[Opening MATERIAL PROVIDED section]

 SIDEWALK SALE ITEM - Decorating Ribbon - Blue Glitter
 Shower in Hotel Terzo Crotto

[Closing MATERIAL PROVIDED section]
[Opening MATERIAL PROVIDED section]

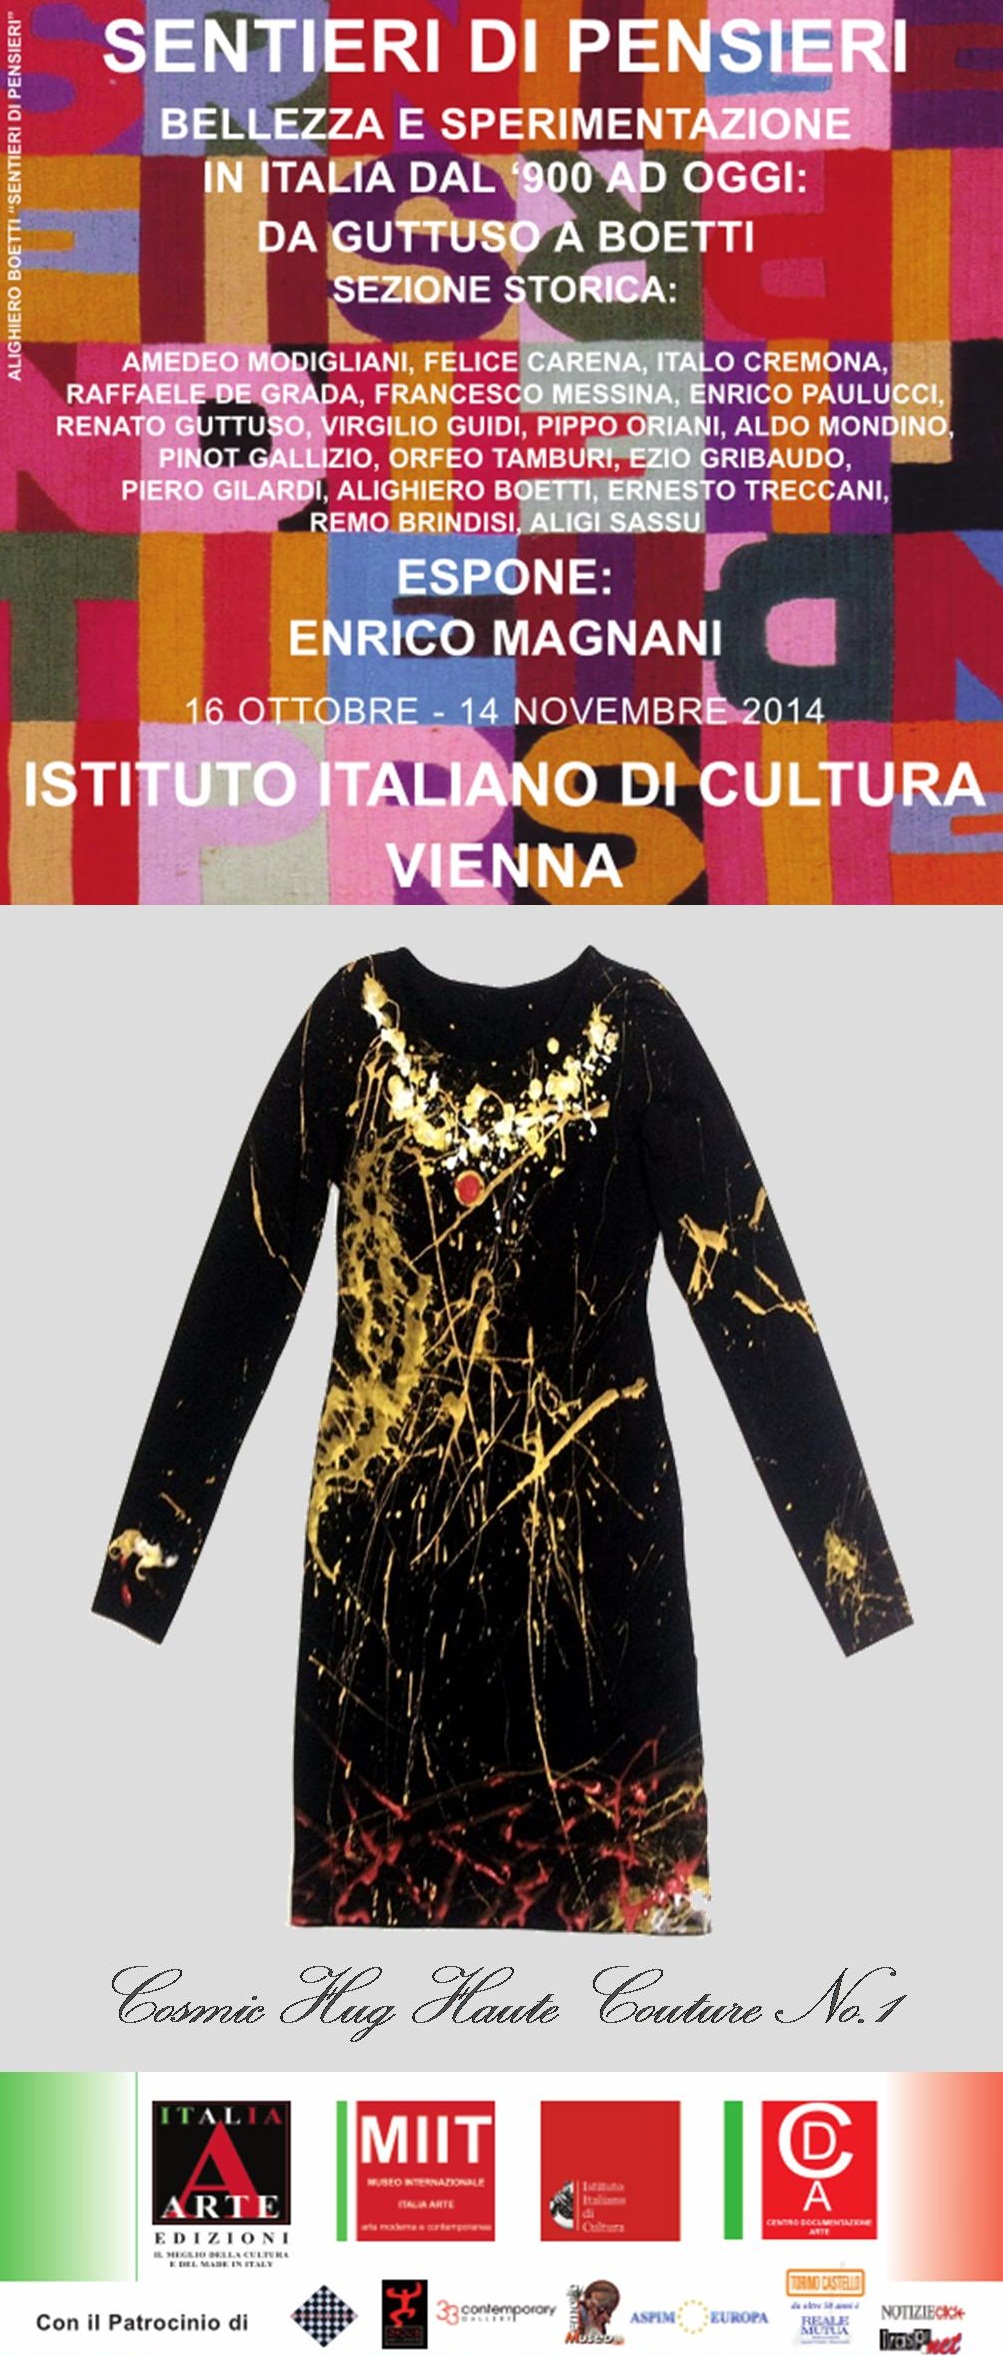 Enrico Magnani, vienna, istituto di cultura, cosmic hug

[Closing MATERIAL PROVIDED section]

WHAT TO DO –
In the listing above, start at the line with "SIDEWALK SALE ITEM", go on through the line with "Shower in Hotel Terzo Crotto", and copy each of those lines exactly; leave out all the rest.

EXPECTED OUTPUT –
 SIDEWALK SALE ITEM - Decorating Ribbon - Blue Glitter
 Shower in Hotel Terzo Crotto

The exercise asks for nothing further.